| RECORDED DATA |

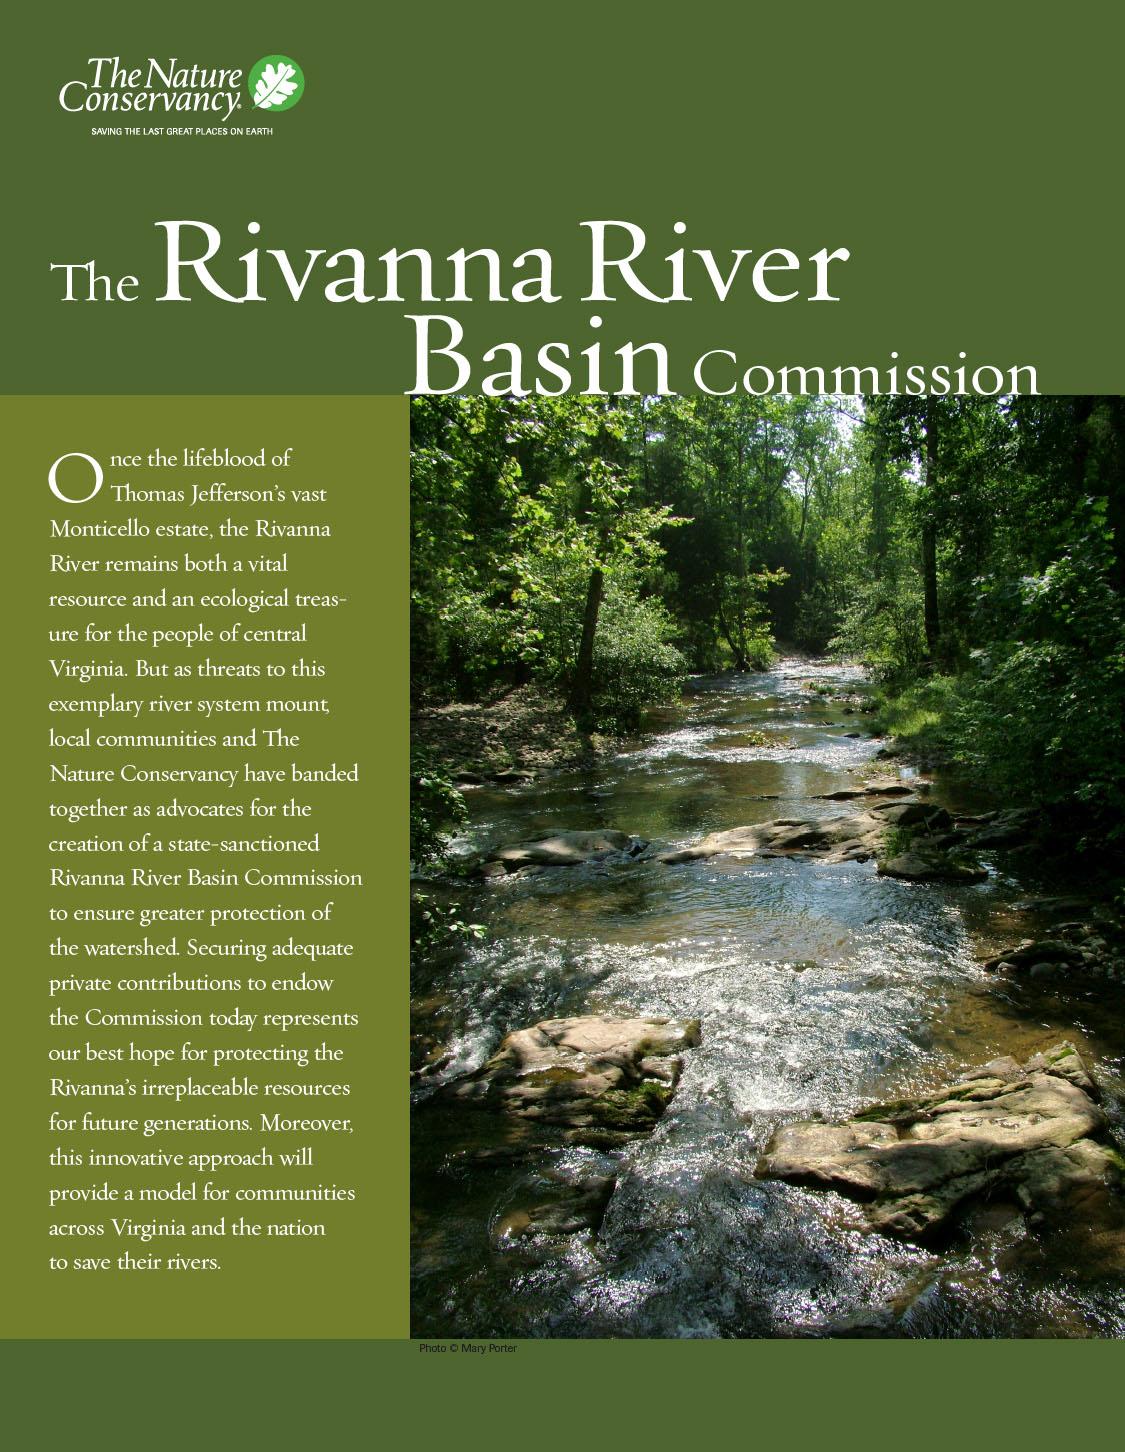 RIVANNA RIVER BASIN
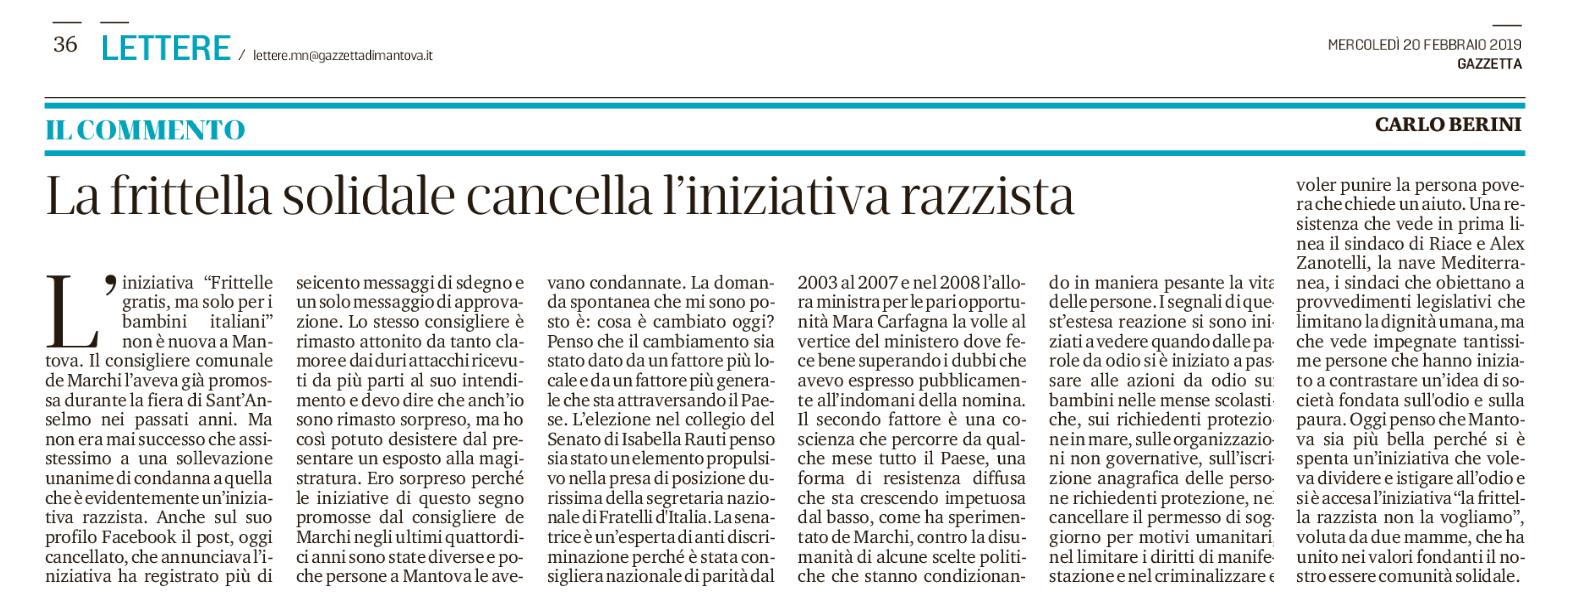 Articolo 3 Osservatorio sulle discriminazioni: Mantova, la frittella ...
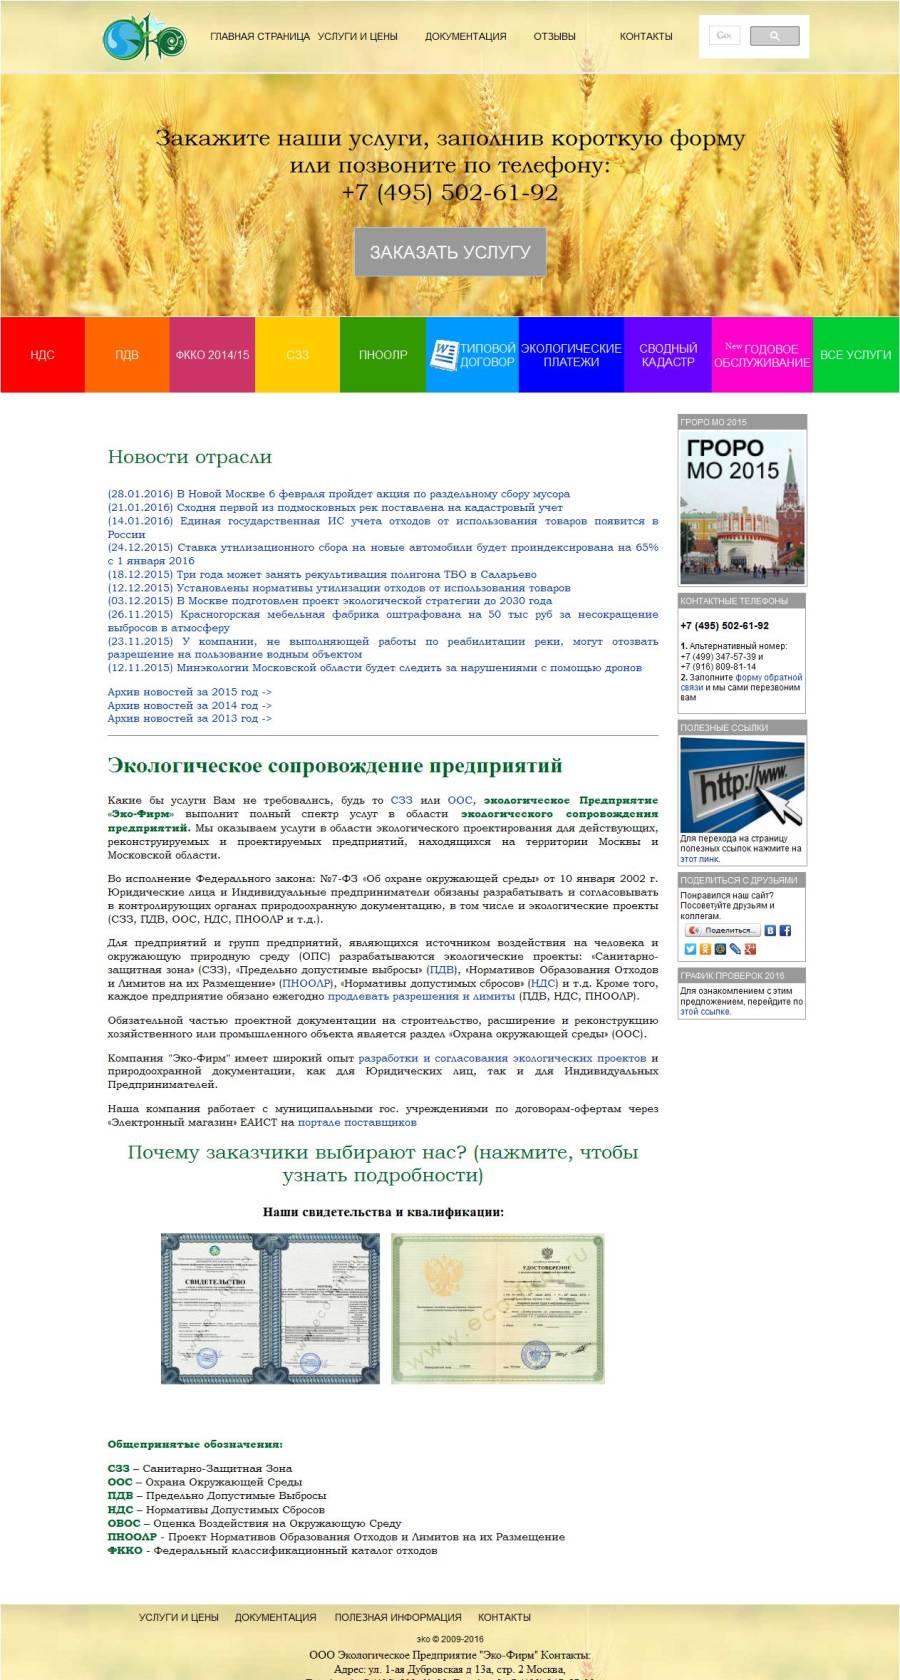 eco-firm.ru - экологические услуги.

| ACTIVITY |
With the pictures removed, output the listing above exactly.

| YOUR RESPONSE |
 RIVANNA RIVER BASIN
 Articolo 3 Osservatorio sulle discriminazioni: Mantova, la frittella ...
 eco-firm.ru - экологические услуги.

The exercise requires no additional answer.